MarkMonitor and CSC domains appear to be the safest in my experience, but they also charge thousands of dollars and require you to call them to make changes. But the margins on domain registrations are so thin, you can't really expect a good price and security.
Just as another security precaution on top of it, do they support private registrations so that people can avoid exposing individual credentials in the WHOIS records? There are a lot of company's who currently have attorney's offices handle domain registration as well as corporate registrations just for that specific purpose.
ah yes, the CDN that propmpts about 200 captchas per day on my end because I use a vpn... I was not aware this company was used so extensively until they started doing those annoying redirects.
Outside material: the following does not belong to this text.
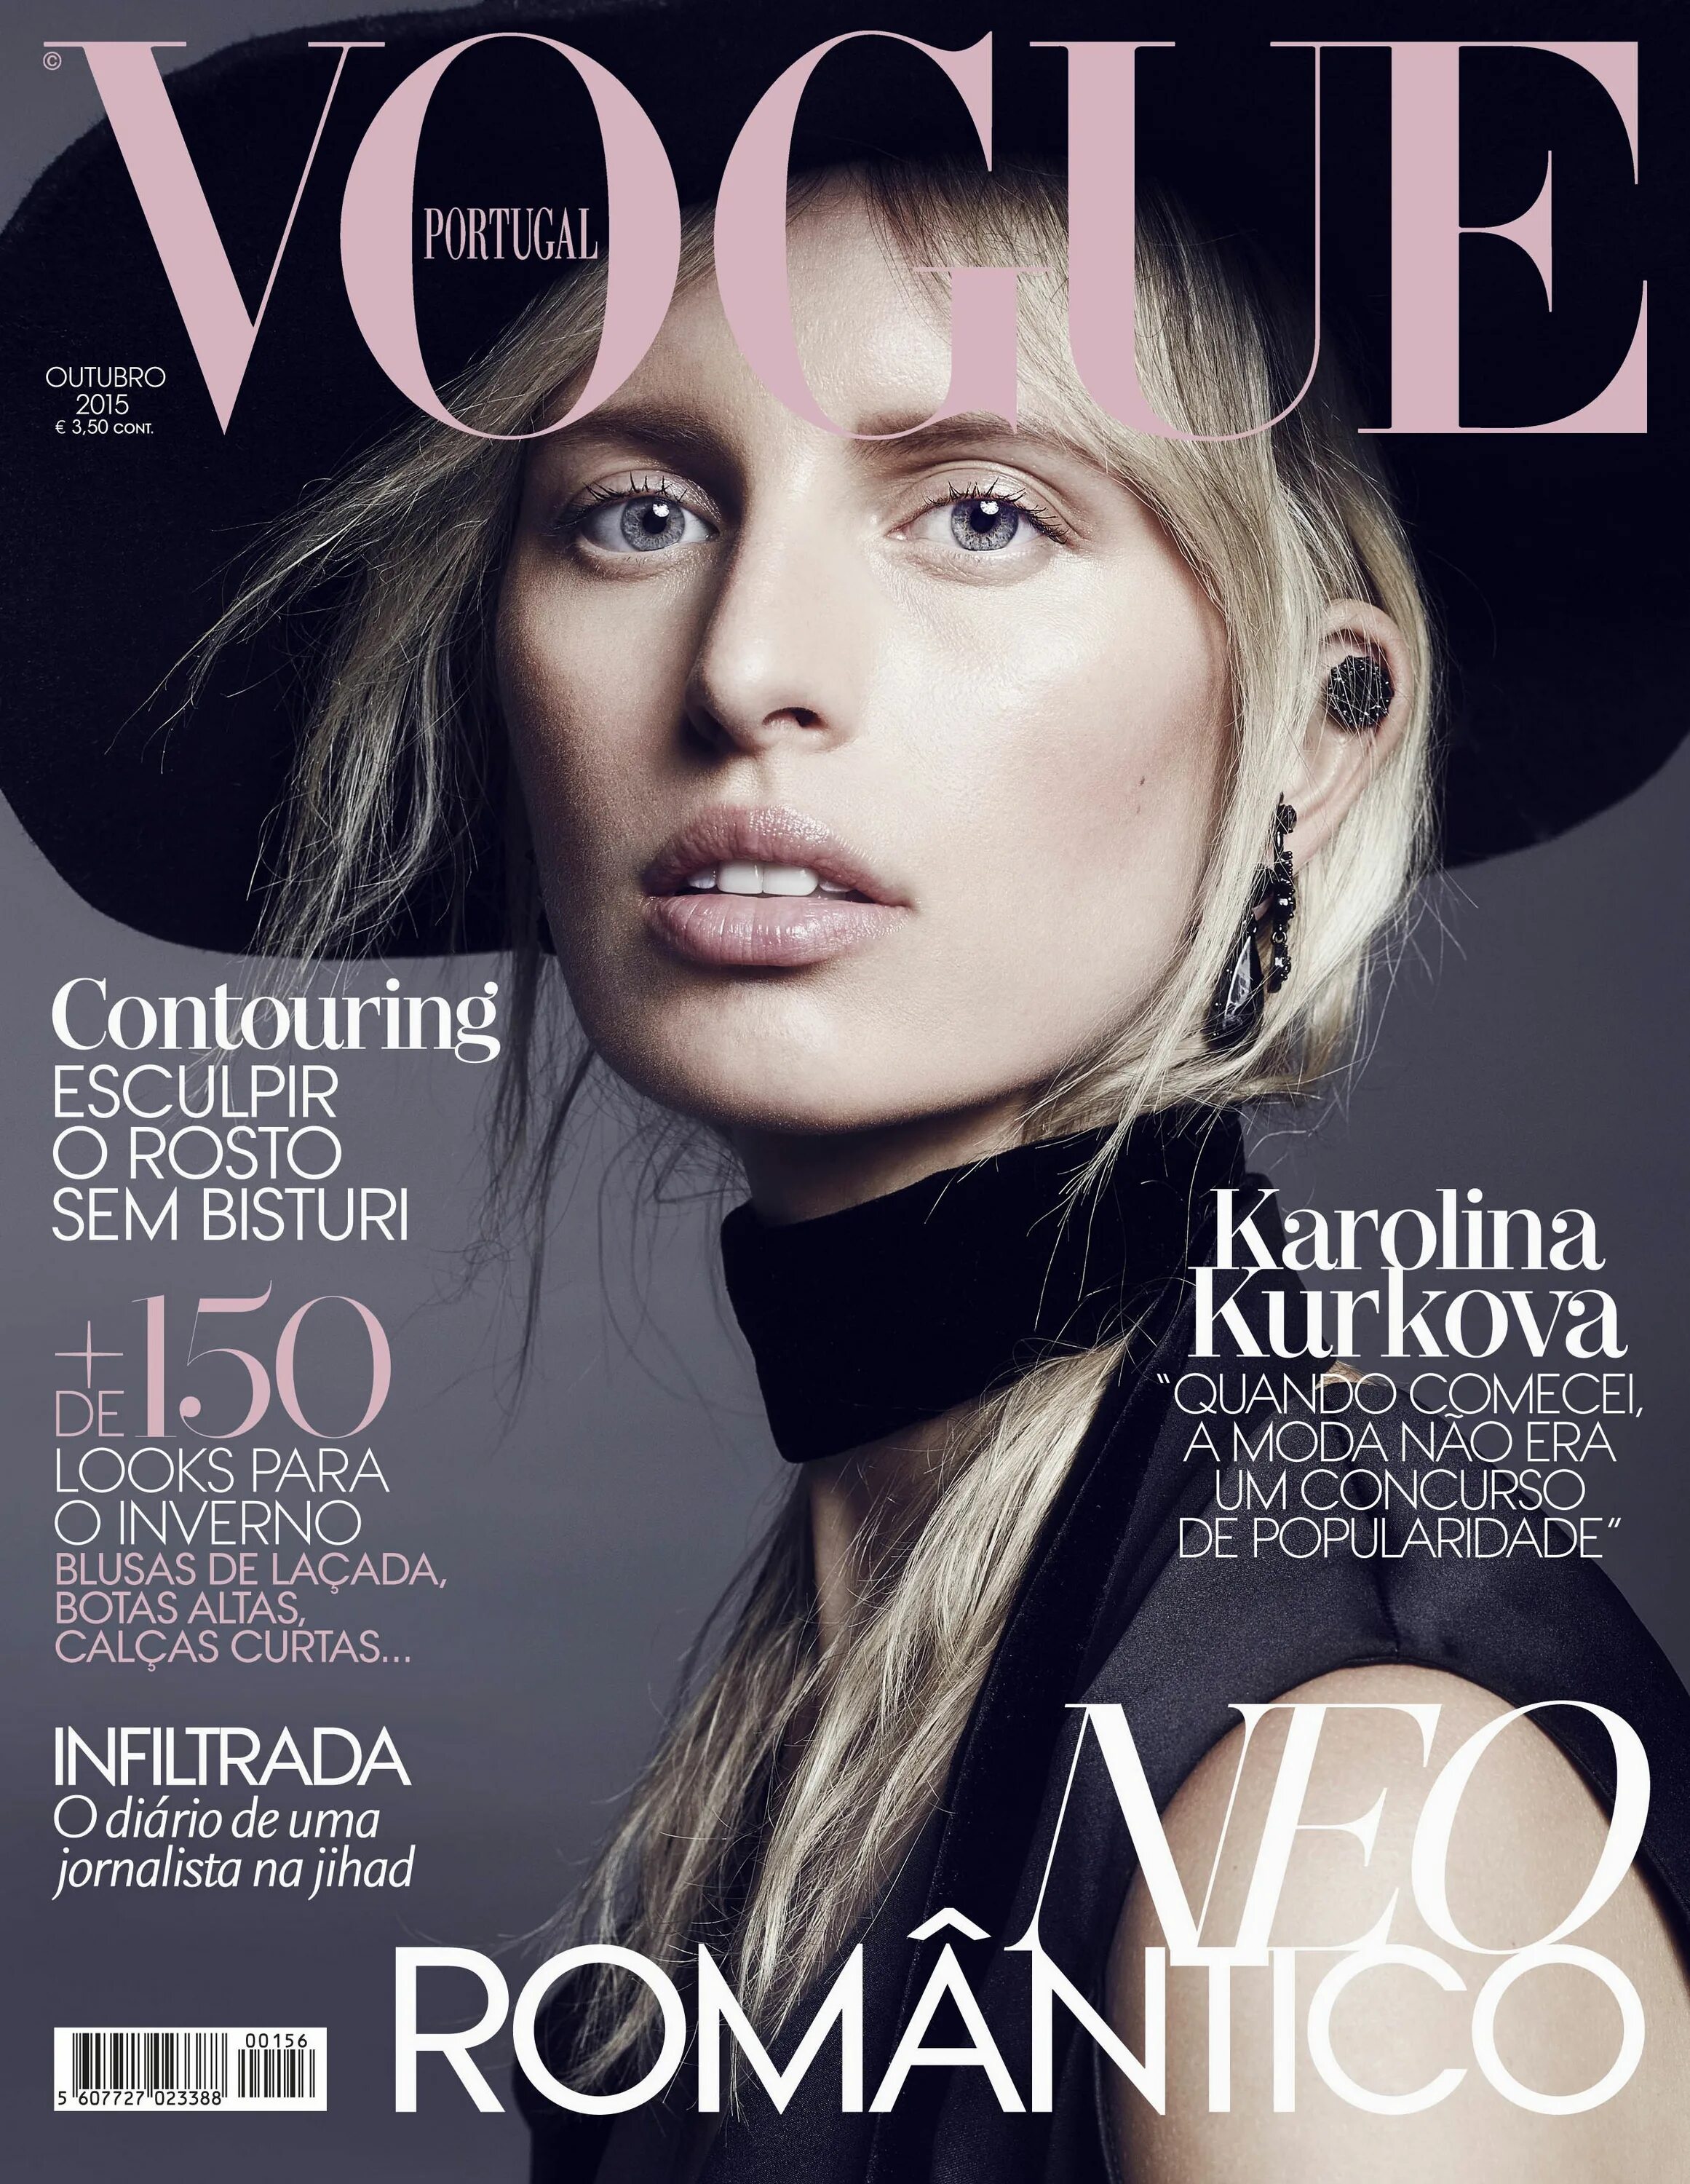 Обложка для журнала. Обложка Vogue. Журнал Vogue.
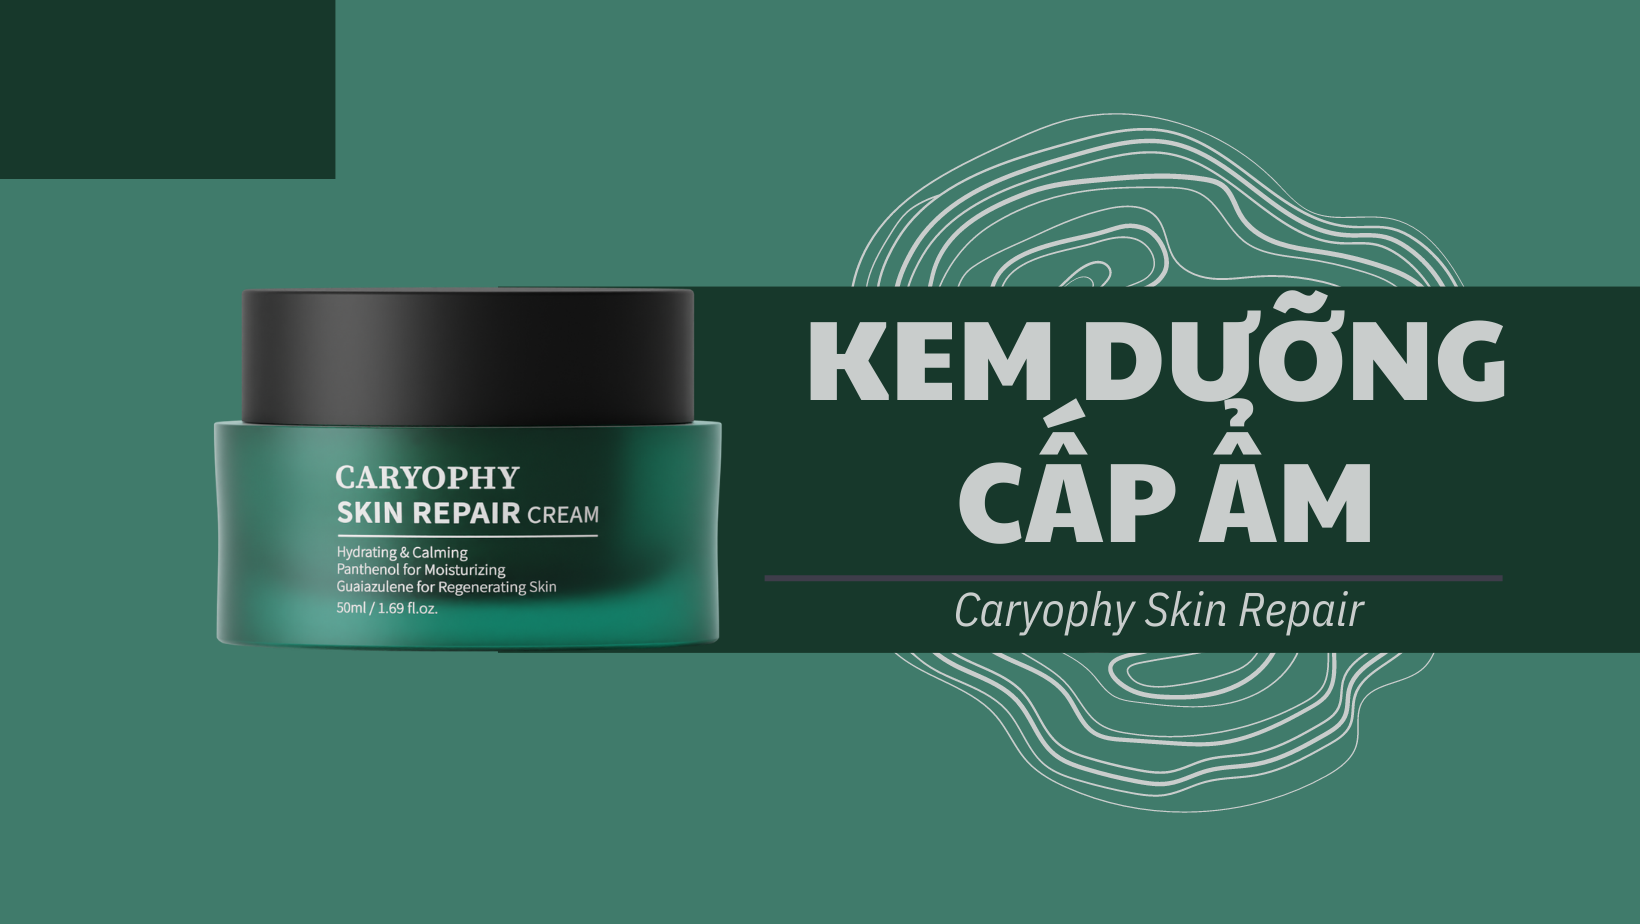 kem-duong-cap-am-caryophy-skin-repair

From what I gather, it requires an Enterprise plan, which has no fixed price. Could just be a free part of the plan considering the price tag of an Enterprise plan.
CloudFlare claims there enterprise plans start at $5,000 USD a month, but this is not really true. Most customers who have a business plan and pay $200 a month negotiate deals for a lot less. Especially now that Akamai is dropping their pants to the mid market. You can essentially get on Akamai or Incapsula for less than what CloudFlare charges for their plans. This is what I did. I ended up with much better WAF services and less deviation on performance.
I was fortunate enough to be able to go on an overseas trip to China during my first college summer break. The phone and Internet service was spotty, but I was too busy exploring to care. When I got back home, I discovered much to my dismay that my domain name had been transferred away without my consent.
As it turns out, one of my old Internet "friends" had access to an administrative account at my registrar without my knowledge. They transferred a handful of my domains to their own private account and continued to run the website as if it had been their own. They moved the database, code, and everything. (I had allowed them access to the server, so it wasn't unexpected that this was within their capability.)
Being a college kid, I wasn't able to think of lawyers or legal avenues to get it back (not could I afford them), so I wrote my "friend" out of my life and took it as a hard lesson learned about privacy and security. And trust. Definitely learned a lot about trust.
FWIW, it's still online today and probably brings in a thousand dollars a month in ad revenue.